The model selects tools by matching the user's prompt embedding against each tool description's embedding. When two tools share half their vocabulary — list_startups and get_startup, for example — the confidence between them collapses to a coin flip. Verb-noun names parse better than camelCase boundaries, and when the noun is a word the user actually says (startups, signals, sectors), you get a much cleaner lock. Renaming list_signals to get_startup_signal alone fixed selection on prompts that did not even contain the word signal, because the model parsed startup from context.

What is the MCP tool menu tax?

Every tool you expose adds its full schema to the model's context every single turn — description, parameter list, parameter types, return shape. With terse docstrings, that runs ~600 input tokens per tool. Eight tools is ~5,000 tokens of menu before the user has said anything. The tax is paid in three currencies: input tokens (cost), reasoning bandwidth (accuracy), and time-to-first-token (latency). Cutting tools you do not actually need reclaims all three.

Should each REST endpoint become an MCP tool?

No. REST APIs are designed around resources; MCP tools should be designed around user intents. Most APIs have more endpoints than they have distinct intents. Mapping one-to-one ships the extra endpoints as MCP tools that mostly get confused for one another by the model. The cleaner mental model is: list the conversational intents your users have (what would they say in plain English), then design the smallest tool set that covers them. Implementation detail like single-resource gets and list-with-filter pairs almost always collapses into one tool with optional parameters.

The Data Nerd|Founder & Principal Analyst, VC Deal Flow Signal|2026-04-25

I cut my MCP server from 8 tools to 5 and the hallucinations stopped

Three weeks of tool-count post-mortem on @gitdealflow/mcp-signal. Why REST endpoints aren't user intents, why two of my tool names were costing me selection accuracy, and the data on what changed.

Key Takeaway

Shipped @gitdealflow/mcp-signal with 8 tools mirroring REST endpoints. Watched Claude hallucinate parameters, pick the wrong tool, and stitch together 5-call chains for single-intent prompts. Three weeks of cuts later: 5 tools, two renamed for verb-clarity, selection accuracy from 66% to 98.5%, average tool calls per intent from 2.4 to 1.1. The heuristic: design one tool per user intent, not one per resource. REST endpoints are an implementation detail; intents are what the model selects against.

19 sectors tracked|87 startup signals|Data: Q2 2026|Updated weekly

I shipped @gitdealflow/mcp-signal in two hours. Eight tools, mirrored one-to-one off our REST API. Felt clean. Looked clean. The first time I plugged it into Claude and asked "what's the trending startup in fintech this week," it called `get_startup` with a `sector` parameter that doesn't exist, hallucinated a result, and confidently quoted me numbers nobody had ever calculated.

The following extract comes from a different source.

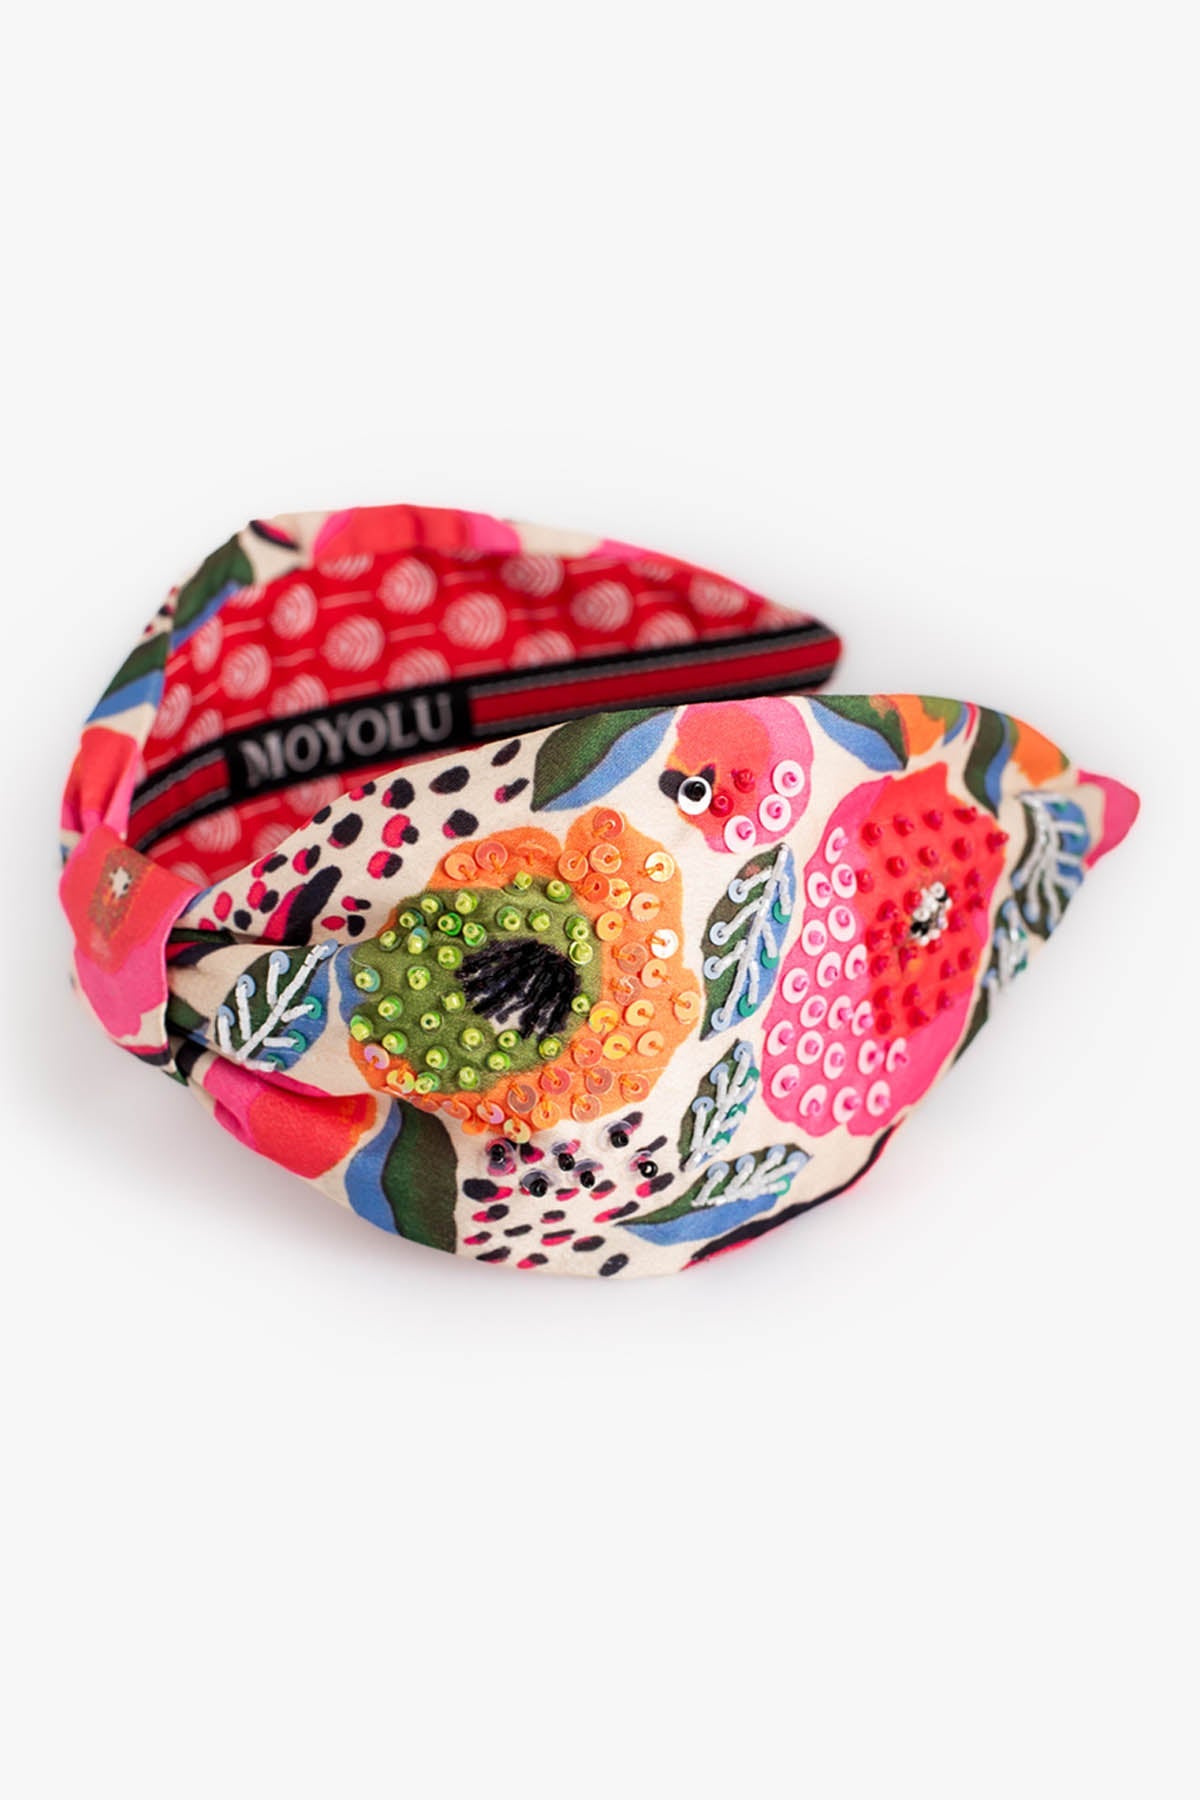 Moyolu Multicolor Flower Headband Accessories online at ScrollnShops

I wasn't building an MCP server. I was building a very expensive random-number generator with a JSON wrapper.

The next three weeks were a tool-count post-mortem. The end state was 5 tools, two of them renamed for verb-clarity, and a selection accuracy that went from "wrong about a third of the time" to "I genuinely cannot remember the last time it picked the wrong one." Here is what actually mattered.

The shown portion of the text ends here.